Yeni bir yazının daha başındayız.Mutlu okumalar.

18 Ocak 2014 Cumartesi

İLLUMİNATİ OYUN KARTLARI 1

İlluminati oyun kartları resimde gördüğünüz adam tarafından 1995 yılında icat edilmiştir.


 Bakın zaten adamın üzerindeki piramiti söylemiyorum bile.İşte oyun kartlarını da görünce anlarsınız ya da bu da bi tesadüf canım diyen sığırlardan olabilirsiniz.
    Neyse artık konuya dalış yapalım.bakın resimdeki oyun kartını inceleyelim.

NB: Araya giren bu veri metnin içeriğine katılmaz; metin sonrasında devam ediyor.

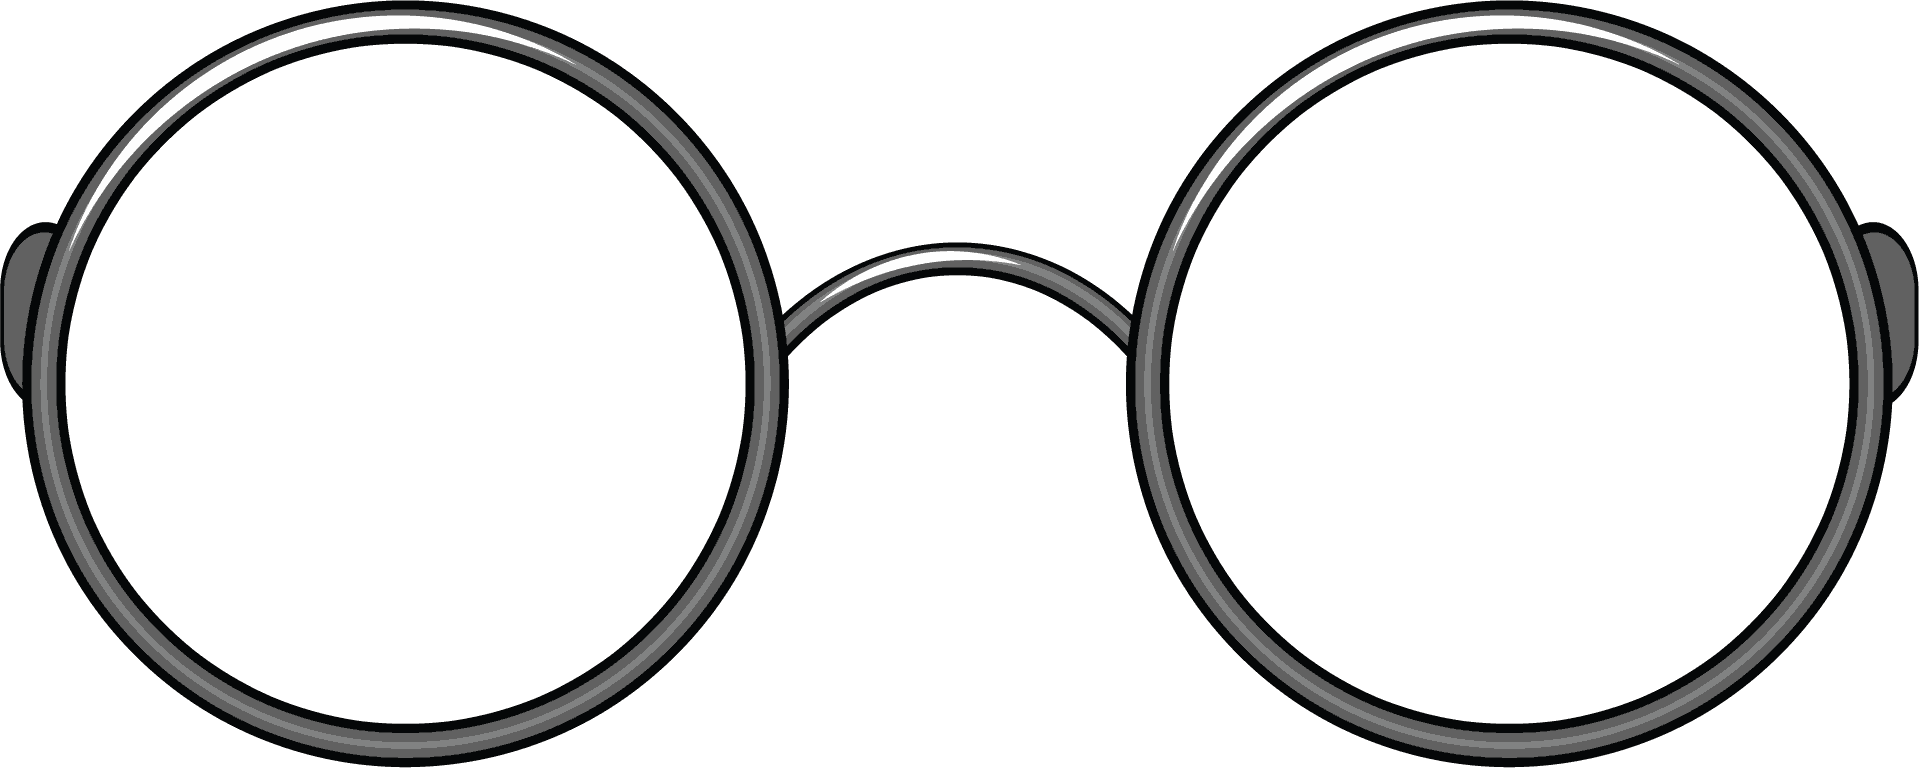 Round sun clipart black and white jpg Sunglasses Clipart Black And White | Clipart Panda - Free Clipart Images jpg

 Terorist saldırısı diyor.(terorist nuke)Bir de orada ikiz kuleleri görüyorum sanki.Size de tanıdık gelmedi mi?Hatta Müslüman kardeşlerimize iftira atılarak yapılan 11 eylül ikiz kuleleri saldırısına benziyor.2001'de olmamışmıdı bu olay?1995 bunu nereden bilebilyorlar ki caba?Bence saldırıyı Müslümanları karalamak için kendleri yaptılar.Bakın...
  
    Yukarıdaki resme ne kadar çok benziyo yeaa.(bu konudan daha sonra bahsedeceğim)
        
       Şimdi 2. resme bakalım.
                                                       
                                              (Pentagon değil mi o yeaa?)
 Pentagon. Bunun da Türkçe’sini beklemeyin Pentagon işte anasını satıyım. Ama isminin nereden geldiğini sorarsanız,ki aranızda vardır öle meraklılar, ismi ‘pentegram’dan gelir, yani beşgen. Zira Pentagon beş tane büyük duvardan meydana gelir. Herneyse, konumuz Pentagon’un tarihi diğil. Dersi kaynatma evladım, otur yerine. Ne anlatıyodum lan ben? Hah,tamam. Atatürk 1881 yılında Selanik’te… Şaka. Evet devam edelim .
Burası Amerika’nın Savunma Bakanlığı ve Askeri Haberalma örügütü binasıdır. Amerika’nın askeri kalbidir yani. Ve bu kartta gördüğümüz üzere, bir saldırıya maruz kalmış ve alevler içinde yanıyor çocuk. Tamam, bu kart, çok cesur ve cüretkar bir hayalperest tarafından çizilmiş olabilir, doğaldır…
 Bir de gerçeğine bakalım.
   Aha Amerikanın askeri üssü pentagon değil mi la?
 Evet, gördüğünüz gibi.Bu da 11 eylül 2001.Bizim Steve geleceği iyi tahmin ediyor ya da  bunlarıı yaptıranlara çalışıyor.Şimdi başka bir resim:
               
 Bi deprem oluyor sanki.Bu bir deprem yapıcı, HAARP projesi.Bu alet deprem yapabiliyor.Bilmeyenler çok şaşırmış olabilir.Bir de gerçeğine bakalım.
 
 HAARPtan daha sonra bahsedeceğim.Şimdi özelliklerini inceleyelim.
 Örneğin mesela ; Amerikalı yetkililer HAARP hakkında şöyle bir resmi açıklama yapmışlar vakti zamanında ;
* Dünya üzerindeki petrol ve doğalgaz gibi işlerine yarayan yeraltı kaynaklarının yerlerini tespit etmek.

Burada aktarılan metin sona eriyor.